Back to the drawing board

OLYMPIA – A day after Seattle voters trounced both options for replacing the quake-damaged Alaskan Way Viaduct, Gov. Chris Gregoire and local leaders on Wednesday announced a new two-year attempt to negotiate a compromise.

A tunnel option passionately sought by city leaders apparently is off the table, although the governor said it’s premature to definitively rule anything out. A surface option – a street-level road combined with dramatically heavier use of transit – is expected to gain new traction.

While talks are under way, time and money won’t be lost, the governor said, because the state will press ahead with $900 million worth of work on the waterfront that any of the replacement ideas will need.

Construction should start this summer, although the main double-decker mile of freeway won’t be pulled down for five more years, the governor said.

Seattle voters on Tuesday strongly rejected a proposal to rebuild the aging viaduct and were even more adamantly opposed to the tunnel option pushed by Seattle Mayor Greg Nickels.

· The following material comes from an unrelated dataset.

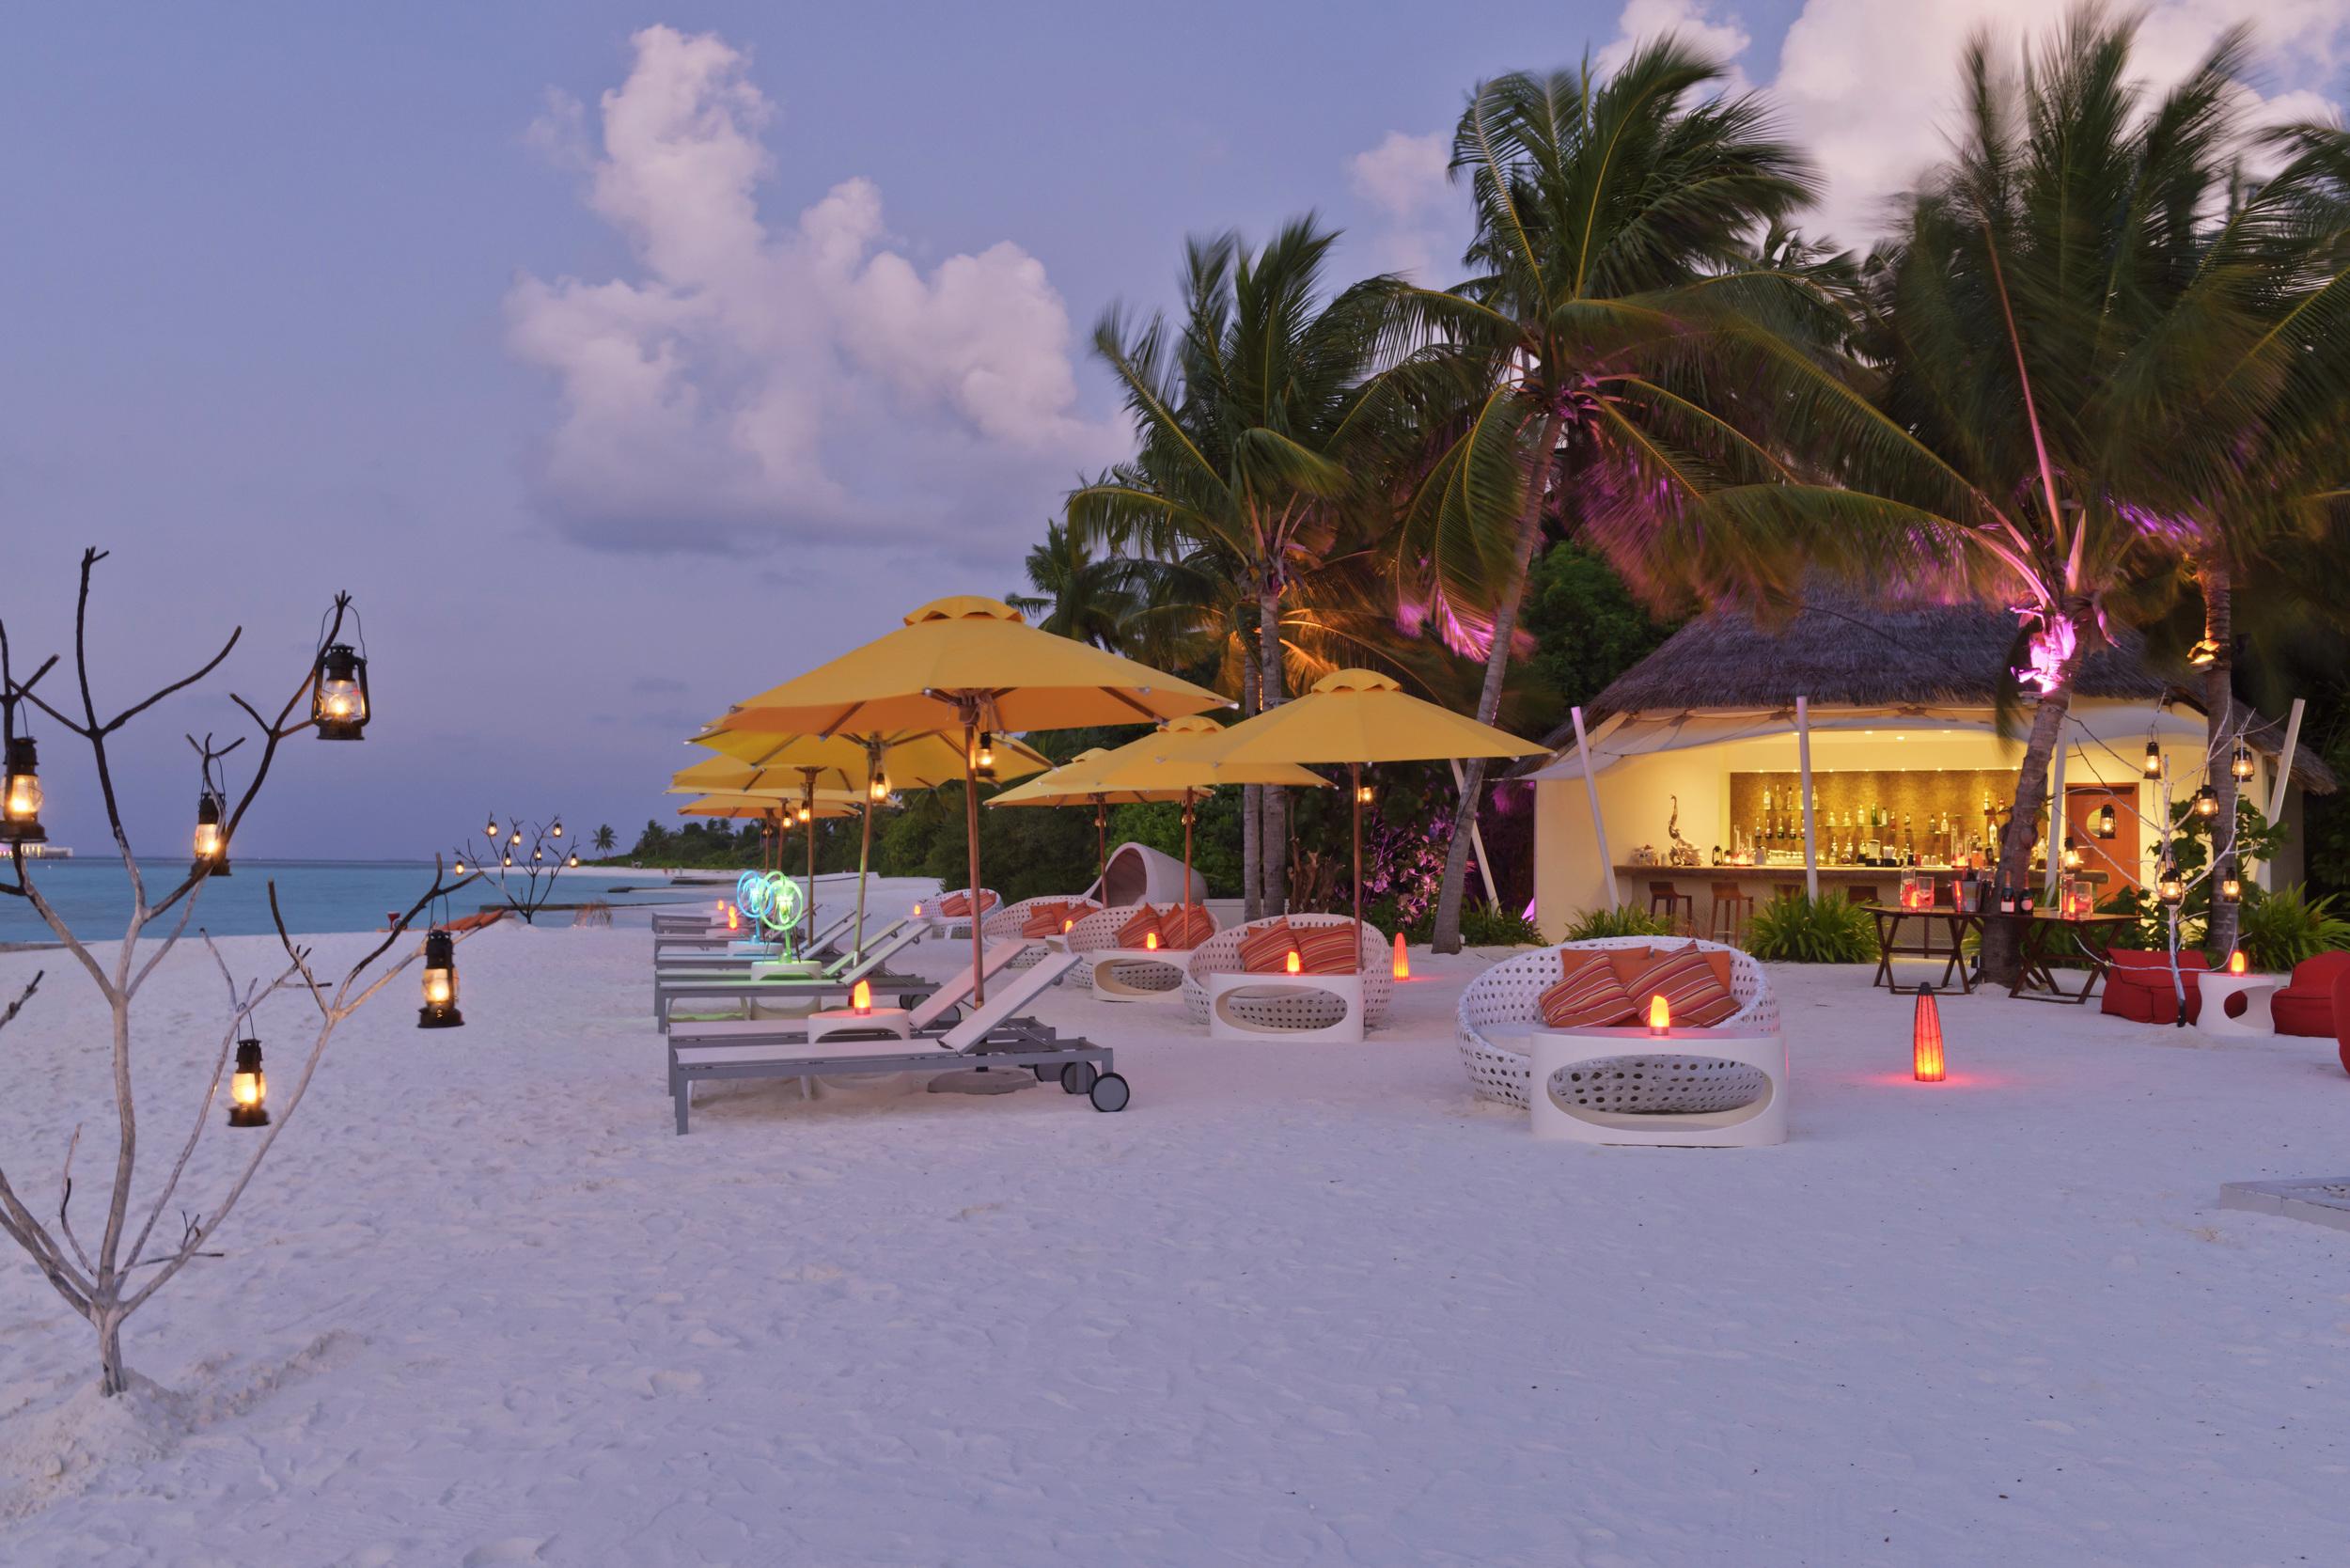 Hi_PNIY_67619620_Dune_Beach_Bar_at_Night.jpg

The rebuild option, with a price tag of $2.8 billion, was failing 56 percent to 44 percent and the $3.4 billion tunnel was getting buried 70 percent to 30 percent after new vote totals were released Wednesday.

Gregoire, Nickels, King County Executive Ron Sims and key legislators huddled at the Capitol after the “no-no” vote – and came out smiling and pledging to work together on a “collaborative effort” on a new approach. Such a deal has eluded the city and state ever since the Nisqually Quake damaged the viaduct in 2001.

Sims said later that the three leaders had been quietly working on their fallback position for the past three weeks, presuming that the Seattle vote would either be inconclusive or in strong opposition to both alternatives.

Sims, Nickels and Gregoire all said the election results had one clear message: back to the drawing board.

“It doesn’t create an impasse,” the mayor told a joint news conference that drew scores of lawmakers and local elected officials. “It creates an opportunity for us to find a better solution. We start by finding common ground.”

Added Gregoire, “With no further ado, let the problem-solving begin, and let it begin now.”

Legislative leaders and transportation chairwomen were quick to add their blessings to this approach, rather than stick with the already approved rebuild or force a new design quickly.

Nickels said negotiators will have a blank slate, but he seemed to rule out his longtime favorite option, a tunnel, and said a nonhighway option, such as dramatic improvement in transit, shows greatest promise. That also has been Sims’ favorite approach.

Gregoire, the state Department of Transportation and key lawmakers, including House Speaker Frank Chopp, D-Seattle, and transportation chairwomen in both chambers have favored a simple rebuild of the viaduct. That isn’t off the table, but neither is it the slam dunk it once seemed, especially with the mayor saying Seattle voters want a nonhighway answer.

Noting previous Seattle votes against expressways, Nickels said, “The voters have again told us loud and clear that a new freeway through the heart and soul of the city is not the answer. I couldn’t agree more.”

He appeared to rule out the viaduct rebuild and said he will not pursue a tunnel.

“They’ve sent a very clear message – whether it is above ground or below, they don’t want to build another freeway on our waterfront,” the mayor said. “The three of us have heard the voters. This is the 21st century and what the people of Seattle have said is we must put aside the 1950s mind-set about transportation and find new and better alternatives.

“We don’t know what that solution looks like, but we do know it will include transit, light rail, street cars, buses, biking, walking.”

Although the vote was a big setback for the mayor, he was upbeat.

“We’ve come here today to begin a new chapter in our quest to remove the dangerous Alaskan Way Viaduct from our future,” he said, adding, “The voters said no to the two options which were put before them, which were both highway options, and it is up to us to take a harder look at other alternatives.”

Sims said King County is enthusiastic about joining the talks. Gregoire, who called it “the Washington way,” said the negotiations won’t start until after the legislative session ends next month.

The governor said the next real deadline will be in two years, when lawmakers write a new transportation budget. That’s when they’ll need a firm decision on the project’s design, she said.

While the transportation departments are trying to forge consensus, Gregoire said it makes sense for the Legislature to proceed with financing for the parts of the project that are common to all plans – the south end of the viaduct that will come down and improvements north of the main viaduct, including the Battery Street Tunnel.

That will cost $900 million, money that lawmakers already have set aside.

Gregoire said the state will step up inspections of the viaduct and will encourage the region to increase transit service.

Legislative transportation leaders quickly endorsed the idea of starting the agreed-upon part of the viaduct replacement and letting the state and local governments continue negotiating on the main one-mile replacement.

In Seattle, City Councilman Peter Steinbrueck said he would ask his colleagues to spend $500,000 developing the surface option.

Steinbrueck, who is foregoing another council term to focus on the viaduct issue, also wants to block about $7.8 million in city money from being spent on the rejected tunnel and rebuild options.

“We don’t want the funds being misspent or misused on any plan that’s been rejected,” Steinbrueck said.